Челкаш шагал дальше, встречаемый всеми, как человек хорошо знакомый. Но он, всегда веселый и едкий, был сегодня, очевидно, не в духе и отвечал на расспросы отрывисто и резко.
Откуда-то из-за бунта товара вывернулся таможенный сторож, темно-зеленый, пыльный и воинственно-прямой. Он загородил дорогу Челкашу, встав перед ним в вызывающей позе, схватившись левой рукой за ручку кортика, а правой пытаясь взять Челкаша за ворот.
— Стой! Куда идешь?
Челкаш отступил шаг назад, поднял глаза на сторожа и сухо улыбнулся.
Красное, добродушно-хитрое лицо служивого пыталось изобразить грозную мину, для чего надулось, стало круглым, багровым, двигало бровями, таращило глаза и было очень смешно.
— Сказано тебе — в гавань не смей ходить, ребра изломаю! А ты опять? — грозно кричал сторож.
— Здравствуй, Семеныч! мы с тобой давно не видались, — спокойно поздоровался Челкаш и протянул ему руку.

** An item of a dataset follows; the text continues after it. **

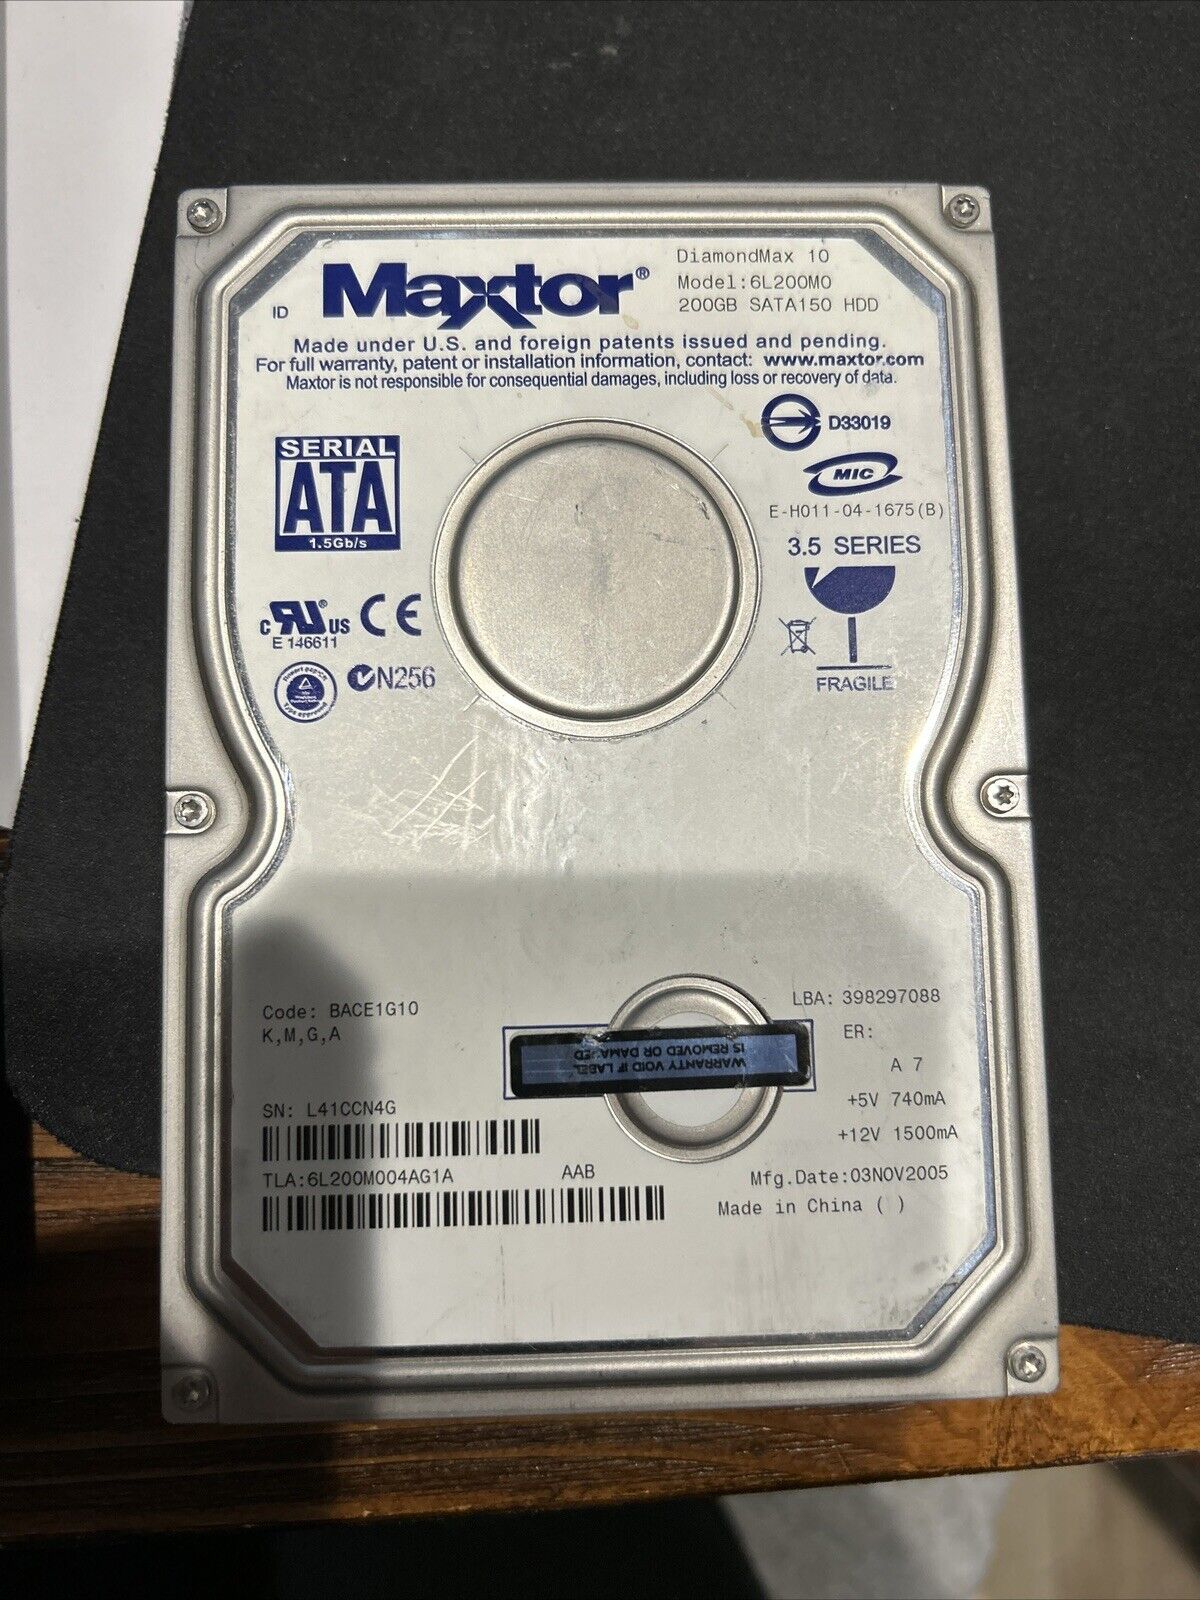 Maxtor 200GB DiamondMax 10 6L200M0 SATA150 3.5
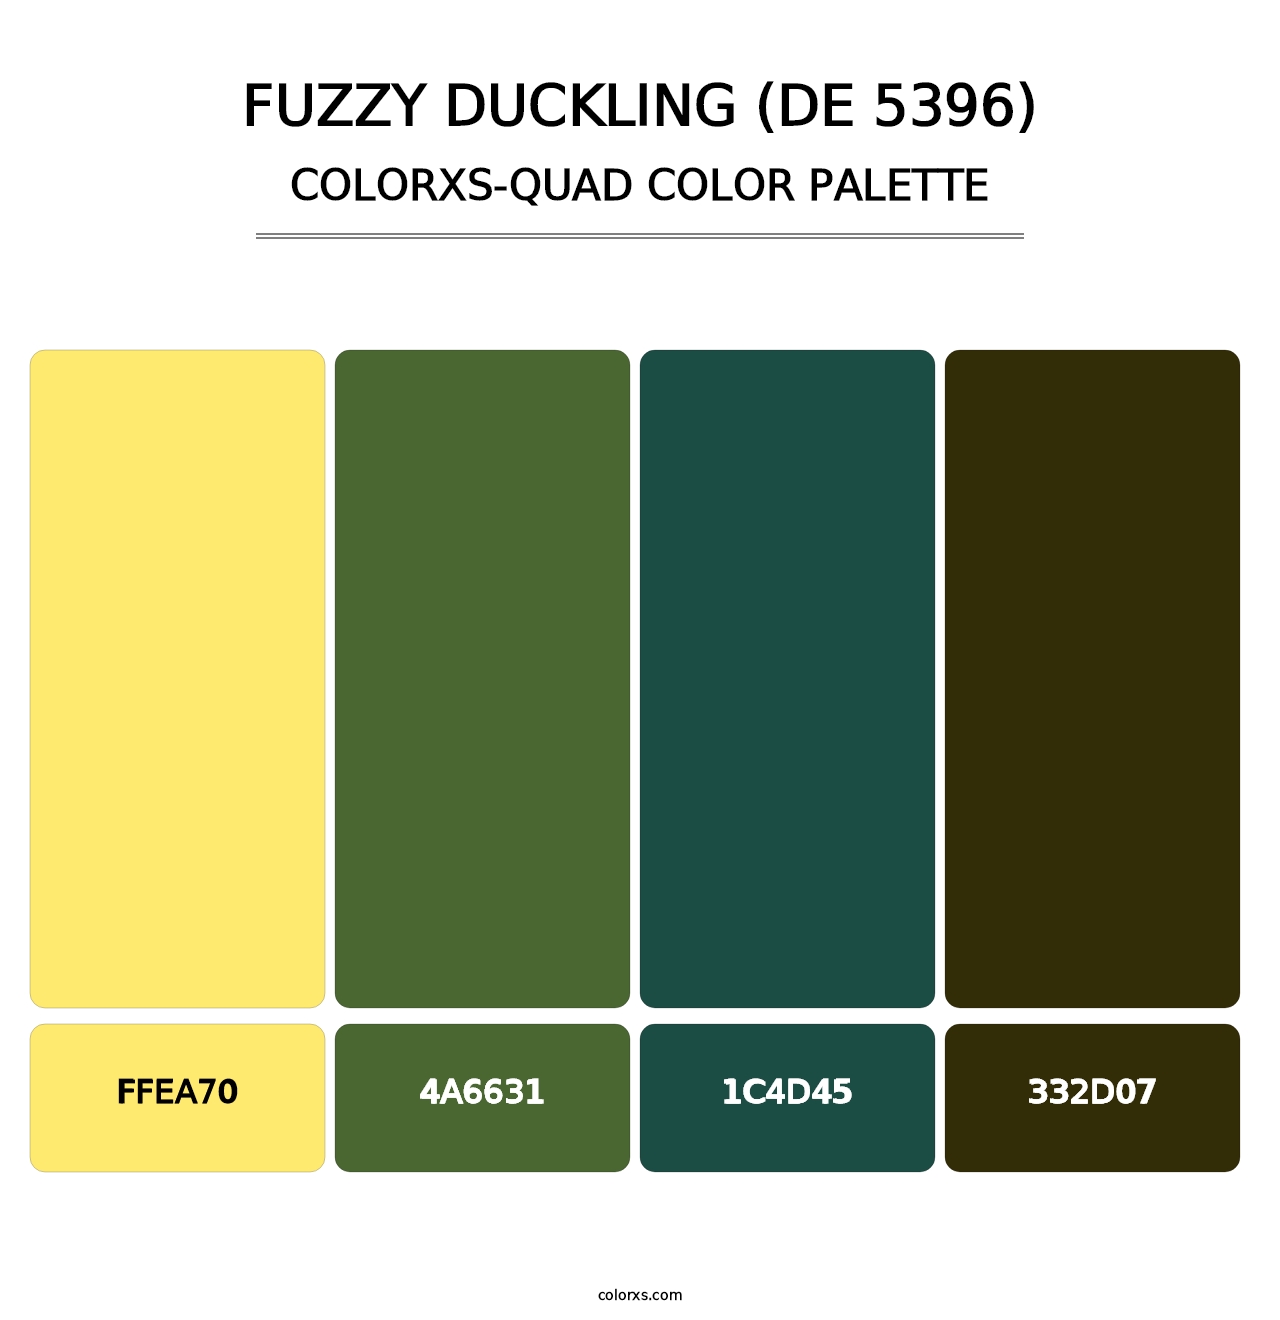 Fuzzy Duckling (DE 5396) - Colorxs Quad Palette

— Хоть бы век тебя не видать! Иди, иди!.. Но Семеныч все-таки пожал протянутую руку.
— Вот что скажи, — продолжал Челкаш, не выпуская из своих цепких пальцев руки Семеныча и приятельски-фамильярно потряхивая ее, — ты Мишку не видал?
— Какого еще Мишку? Никакого Мишки не знаю! Пошел, брат, вон! а то пакгаузный увидит, он те…
— Рыжего, с которым я прошлый раз работал на «Костроме», — стоял на своем Челкаш.
— С которым воруешь вместе, вот как скажи! В больницу его свезли, Мишку твоего, ногу отдавило чугунной штыкой. Поди, брат, пока честью просят, поди, а то в шею провожу!..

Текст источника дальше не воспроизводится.